- WORK ORDER -
Using the listing below, print the line containing "for co-location operation.", the line containing "Camille in Japanese", and each line between them, exactly and nothing else. Pictures stay out of the print.

START COLLECTED MATERIAL

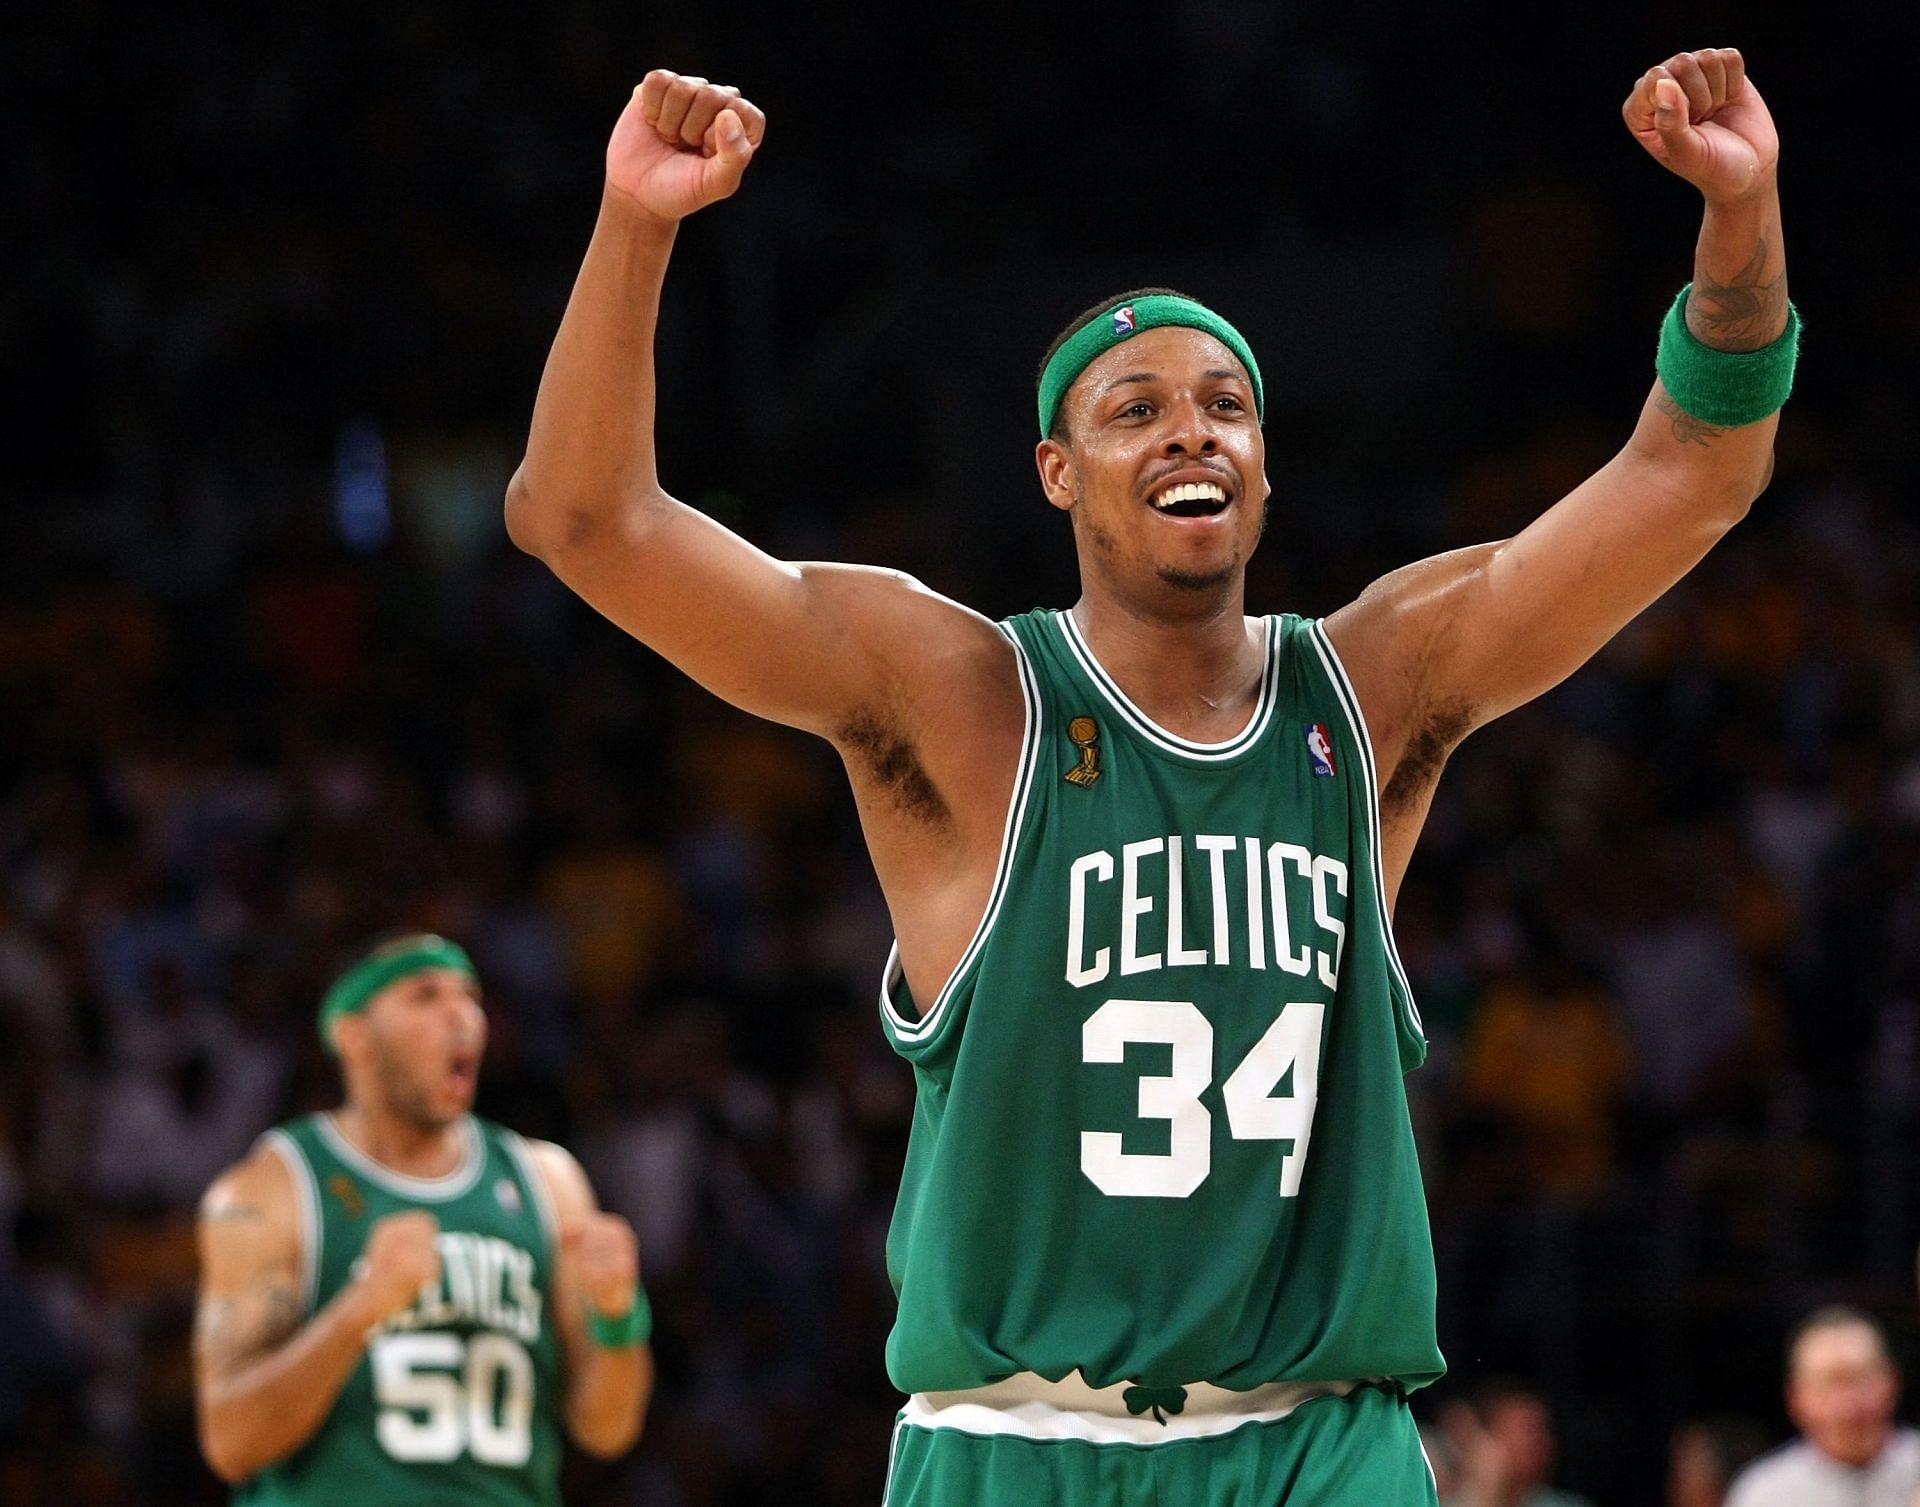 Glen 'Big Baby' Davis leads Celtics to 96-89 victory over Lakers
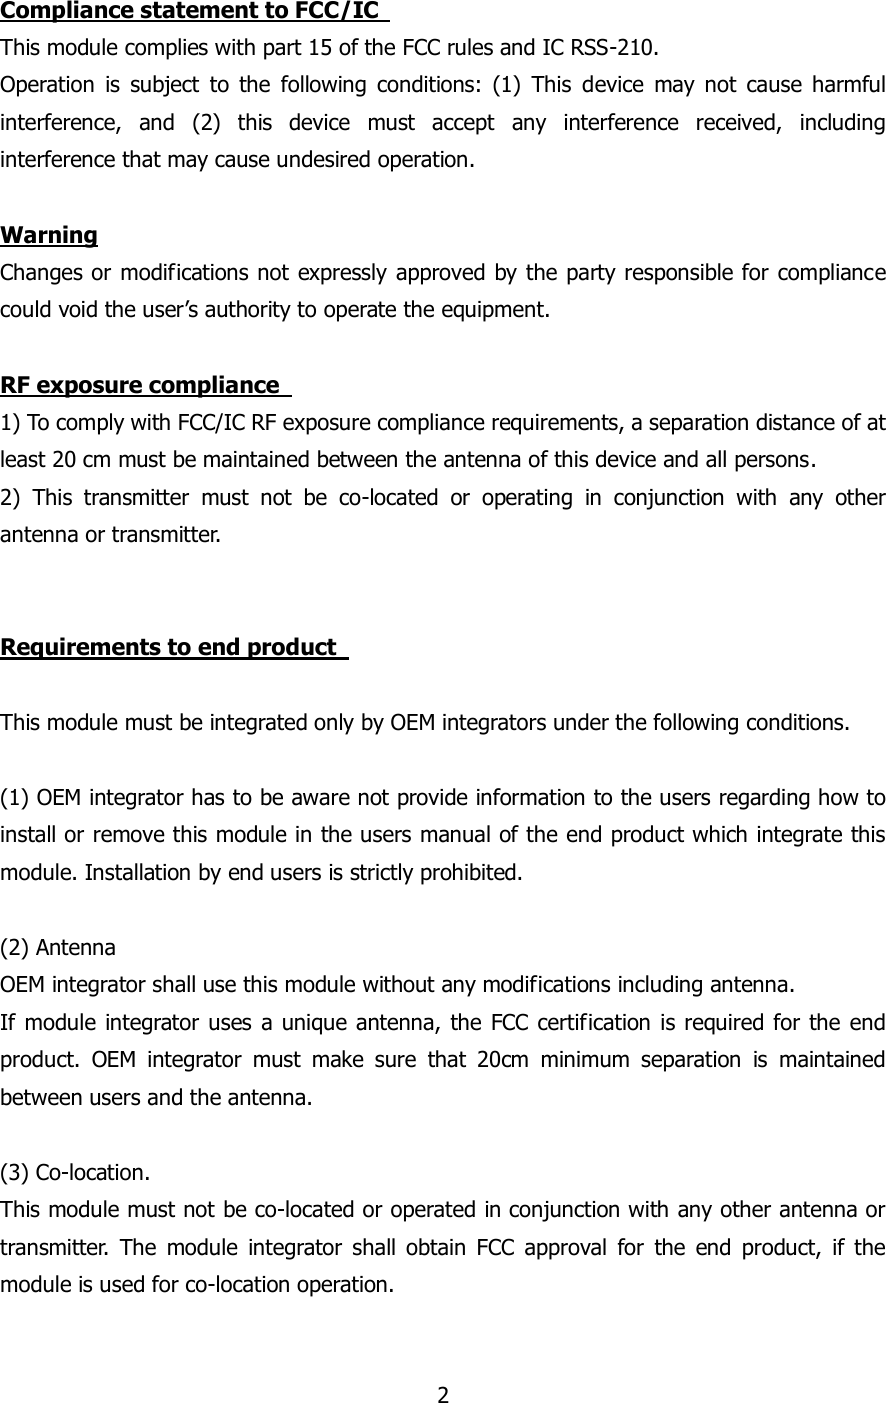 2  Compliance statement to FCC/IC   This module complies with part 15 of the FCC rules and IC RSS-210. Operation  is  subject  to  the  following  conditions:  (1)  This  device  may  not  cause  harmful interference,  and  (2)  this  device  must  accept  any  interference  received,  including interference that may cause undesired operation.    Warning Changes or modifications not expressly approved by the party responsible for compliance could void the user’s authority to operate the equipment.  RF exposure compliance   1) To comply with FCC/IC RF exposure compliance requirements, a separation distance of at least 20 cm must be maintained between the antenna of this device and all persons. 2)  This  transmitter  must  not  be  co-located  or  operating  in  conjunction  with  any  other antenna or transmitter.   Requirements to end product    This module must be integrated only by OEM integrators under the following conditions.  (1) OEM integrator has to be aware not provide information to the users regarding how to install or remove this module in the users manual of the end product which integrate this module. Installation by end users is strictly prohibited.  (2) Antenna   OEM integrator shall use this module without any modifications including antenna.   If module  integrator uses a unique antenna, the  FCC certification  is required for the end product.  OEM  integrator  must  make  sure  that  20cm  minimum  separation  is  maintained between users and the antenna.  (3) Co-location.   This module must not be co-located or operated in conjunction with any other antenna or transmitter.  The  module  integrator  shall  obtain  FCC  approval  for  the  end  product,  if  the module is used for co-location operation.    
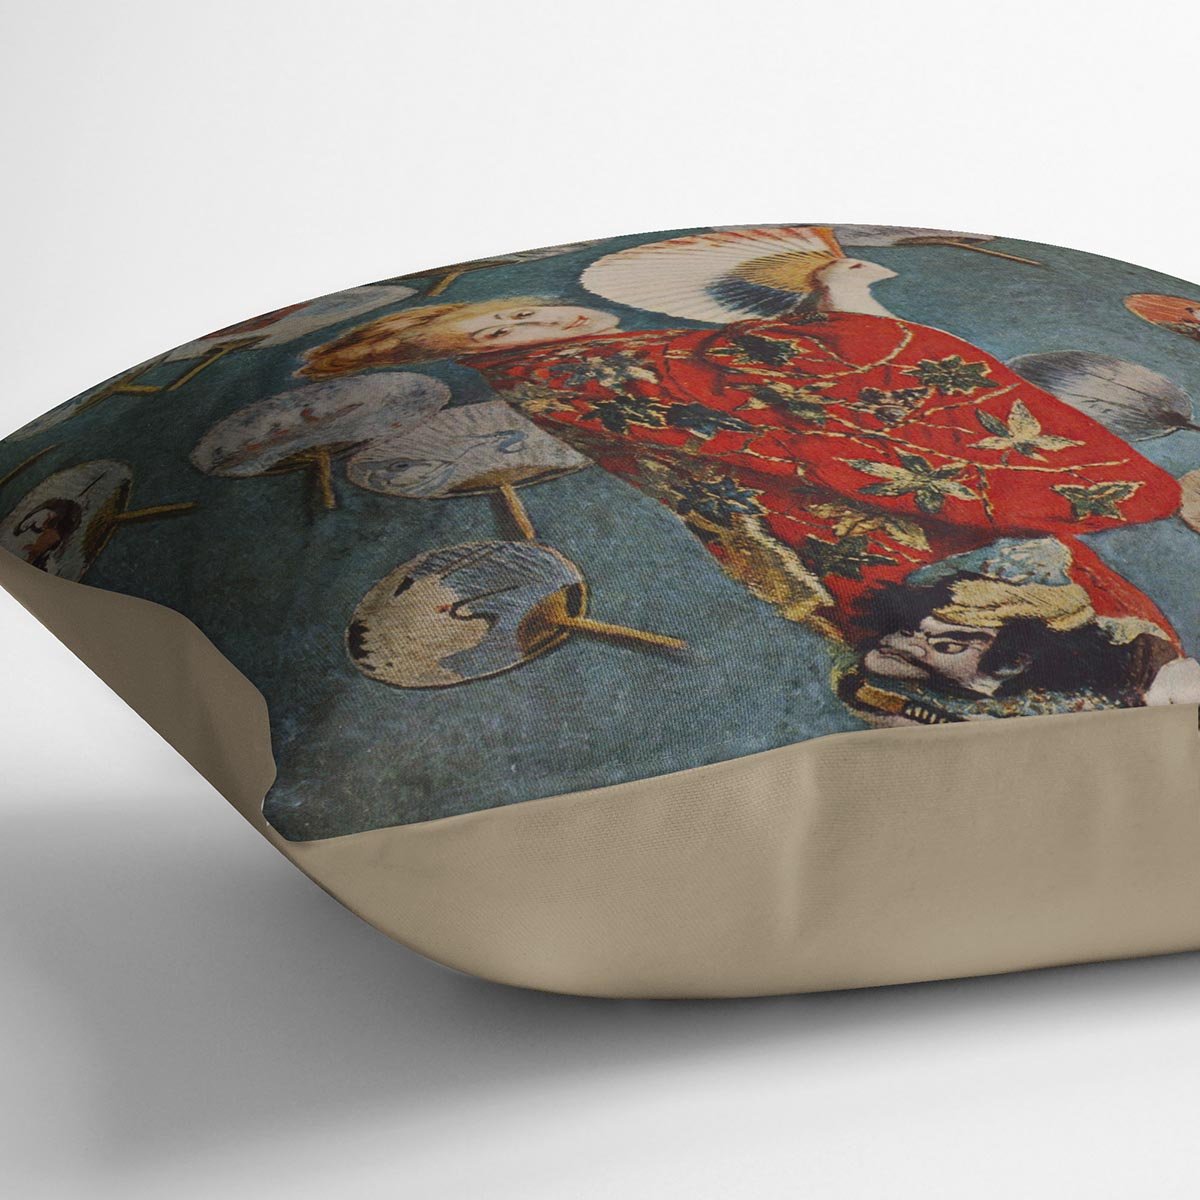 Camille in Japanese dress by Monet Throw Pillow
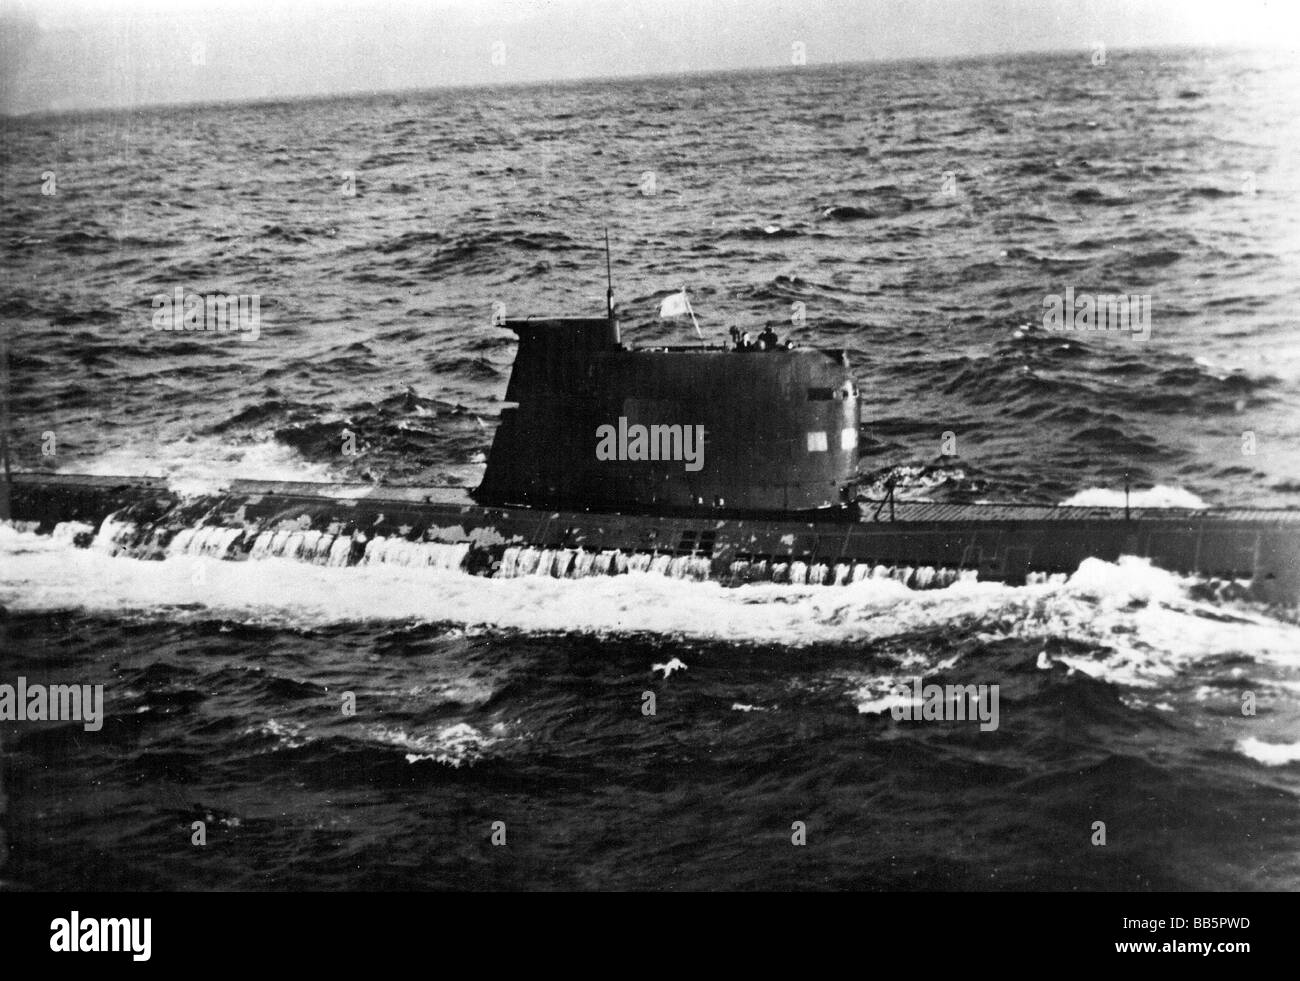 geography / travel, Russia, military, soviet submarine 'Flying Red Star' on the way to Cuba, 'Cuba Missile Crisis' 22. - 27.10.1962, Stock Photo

END COLLECTED MATERIAL

- SOLUTION TO THIS TASK -
 2  Compliance statement to FCC/IC   This module complies with part 15 of the FCC rules and IC RSS-210. Operation  is  subject  to  the  following  conditions:  (1)  This  device  may  not  cause  harmful interference,  and  (2)  this  device  must  accept  any  interference  received,  including interference that may cause undesired operation.    Warning Changes or modifications not expressly approved by the party responsible for compliance could void the user’s authority to operate the equipment.  RF exposure compliance   1) To comply with FCC/IC RF exposure compliance requirements, a separation distance of at least 20 cm must be maintained between the antenna of this device and all persons. 2)  This  transmitter  must  not  be  co-located  or  operating  in  conjunction  with  any  other antenna or transmitter.   Requirements to end product    This module must be integrated only by OEM integrators under the following conditions.  (1) OEM integrator has to be aware not provide information to the users regarding how to install or remove this module in the users manual of the end product which integrate this module. Installation by end users is strictly prohibited.  (2) Antenna   OEM integrator shall use this module without any modifications including antenna.   If module  integrator uses a unique antenna, the  FCC certification  is required for the end product.  OEM  integrator  must  make  sure  that  20cm  minimum  separation  is  maintained between users and the antenna.  (3) Co-location.   This module must not be co-located or operated in conjunction with any other antenna or transmitter.  The  module  integrator  shall  obtain  FCC  approval  for  the  end  product,  if  the module is used for co-location operation.    
 Camille in Japanese dress by Monet Throw Pillow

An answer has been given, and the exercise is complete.